Physically Plausible Scene Estimation
Perceiving object poses in a cluttered scene is a challenging problem because of the partial observations available to an embodied robot, where cluttered scenes are especially problematic. In addition to occlusions, cluttered scenes have various cases of uncertainty due to physical object interactions, such as touching, stacking and partial support. In this work, we study these cases of physics-based uncertainty one by one and propose methods for physically-viable scene estimation. Specifically, we use Newtonian physical simulation to validate the plausibility of hypotheses within a generative probabilistic inference framework for: particle filtering, MCMC and an MCMC variant on particle filtering. Assuming that object geometries are known, we estimate the scene as a collection of object poses, and infer a distribution over the state space of scenes as well as the maximum likelihood estimate. We compare with ICP based approaches and present our results for scene estimation in isolated cases of physical object interaction as well as multi-object scenes such that manipulation of graspable objects can be performed with a PR2 robot.
This work is accepted for publication at Humanoids 2016. Check the publications for more details.
Axiomatic State Estimation
A tabletop scene can be representated as a scene graph that models the interactions between the objects such as "on", "in" and "has" along with its pose in the 3D world. A scene state can be represented as a collection of axioms. Observing a scene using camera and estimating its axiomatic state, gives a very rich information required for a manipulation task such as pick and place. In this project this estimation of the scene is approached using standing Bayesian Filter method. It is called Axiomatic Particle Filter (APF). Particles here are rendered depth images from the OpenGL graphics engine, assuming that the object geometries are known. Observation comes from the Microsoft Kinect sensor. Filtering gives most likely particle at every iteration. Most likely particle at the end of several iterations converges to the observation and the real scene.
This work is accepted for publication at IROS 2015. Check the publications for more details.
Viewpoint based Mobile Robotic Exploration aiding Object Search in Indoor Environment
Robots have to manipulate and grasp the objects in the environment so as to assist the human tasks. This requires Object detection followed by the recognition. Not every location viewed by the robot has object in view or even the containers (tables, shelves) of the object in view. So though the object recognition performs at its best, the manuevering the robot to that particular view with respect to a particular task is always challenging. To overcome such practical issues, we have formulated a exploration that aids the object localization. This uses the semantic information in terms of the map and tries to maximize the views that gets the object segmentation and recognition working.
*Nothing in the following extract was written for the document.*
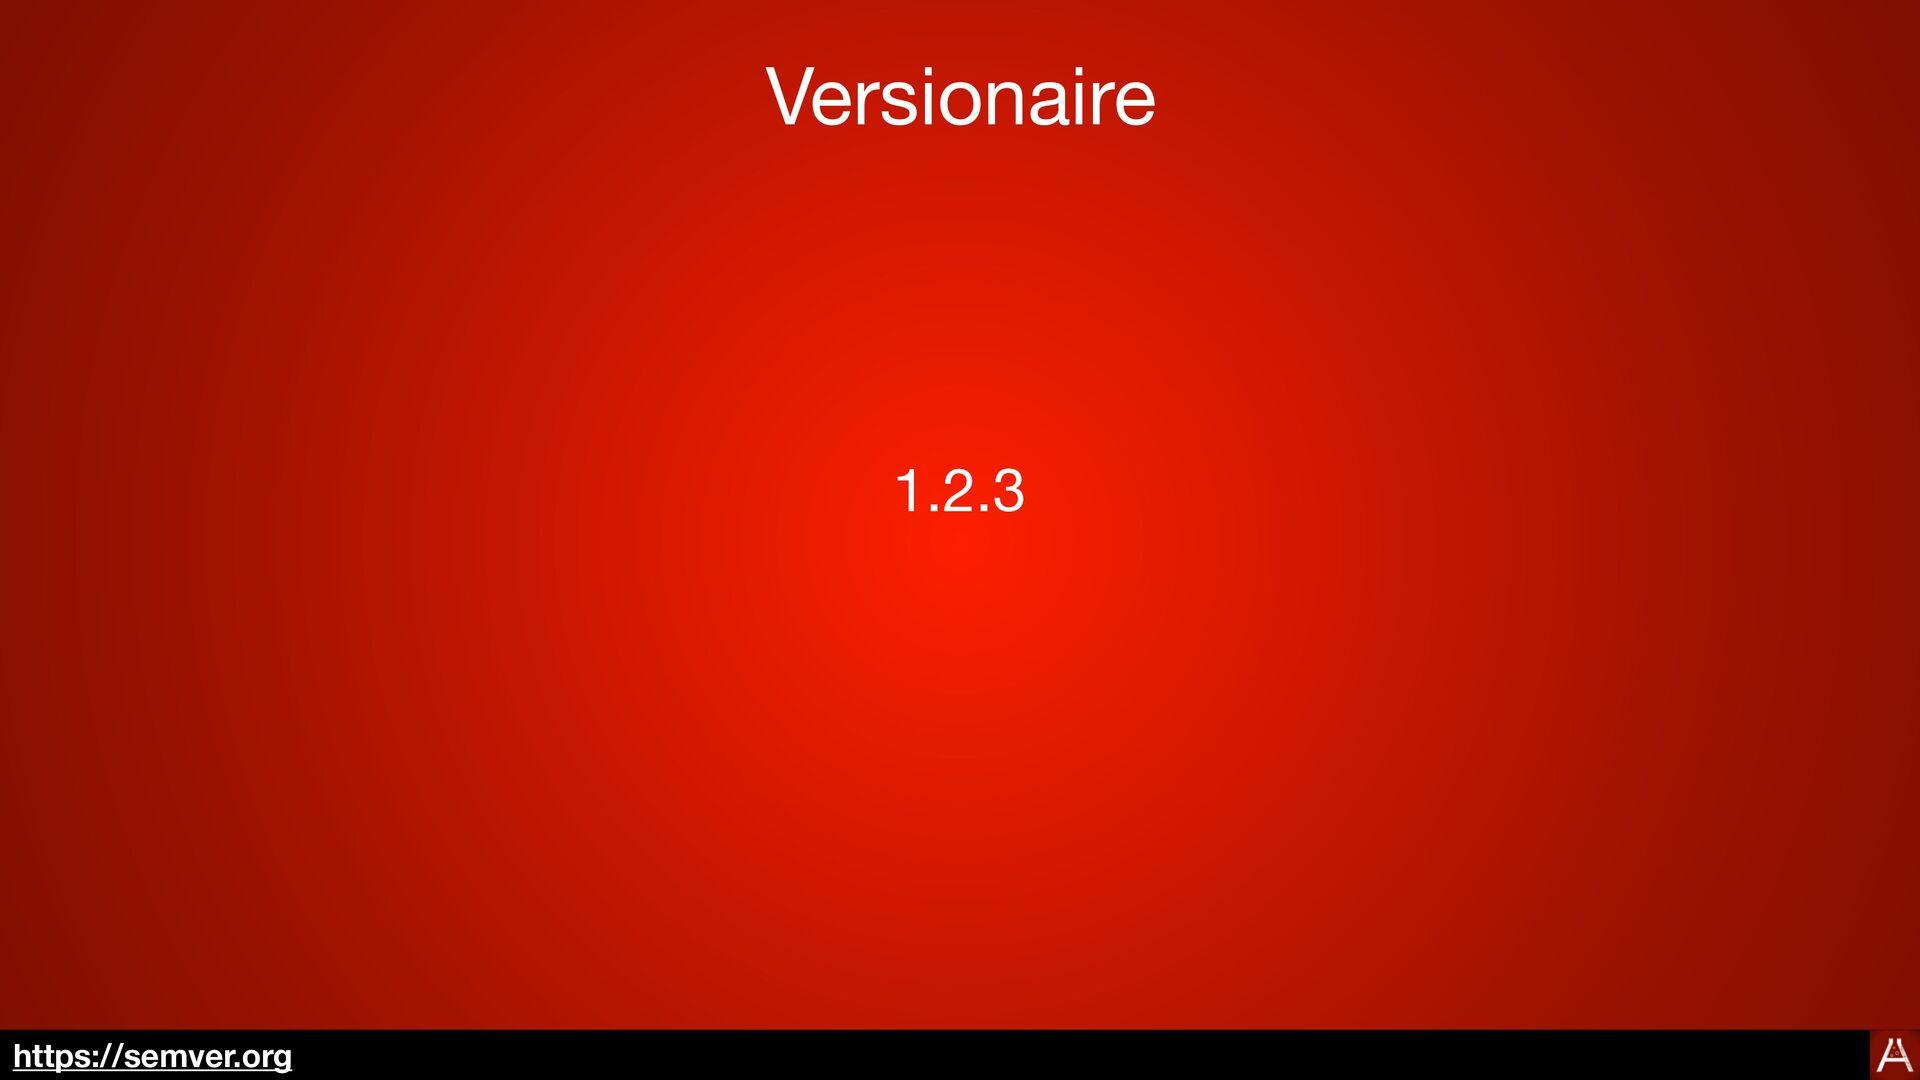 Hash Array String Versionaire https://www.alche...

Using a 3D occupancy map of the environment, we identify the potential locations of the objects and generate a 2D potential map. We explore this potential map to find an object using the viewpoint based exploration strategy.
This work is accepted for publication at ICVGIP 2012. Check the publications section for the link to this paper.
RGB-D saliency using Kinect like Sensors for Indoor Environment
In continuation of the previous work, we want the robot to search for the object in a real time human environment which includes lot of occlusions and negative objects that distract the search. Studying this we came across the saliency models that depict the human visual system in specific to a task. But we were more interested in segmenting the object from the scene that is salient and try to apply the same for the object search. Hence we formulated a new saliency model based on the 3D shapes of the objects in the scene. We were successful in using the same with existing image based models and fuse them to form RGB-D saliency model. Now this model is used in segmenting clouds that are more salient in the scene decreasing the search space for the robot.
The version of the paper is available in the publications section.
Visual Localization and Navigation across Semantics using Monocular CameraThis is an ongoing project an extension of the Aravindhan's semantic exploration. Making use of the semantic representation of the environmentlike lab, corridor we are working on localization of the robot in this sparse prior information. It is a challenging project where the sparse data refers to descrete images available from the stage of exploration. Localizing the current location of the robot with these images is challenging. We were successful in building the same with some constraints. We are working on these constraints right now. Video here shows the successful localization of the robot and its navigation to a goal in different semantic.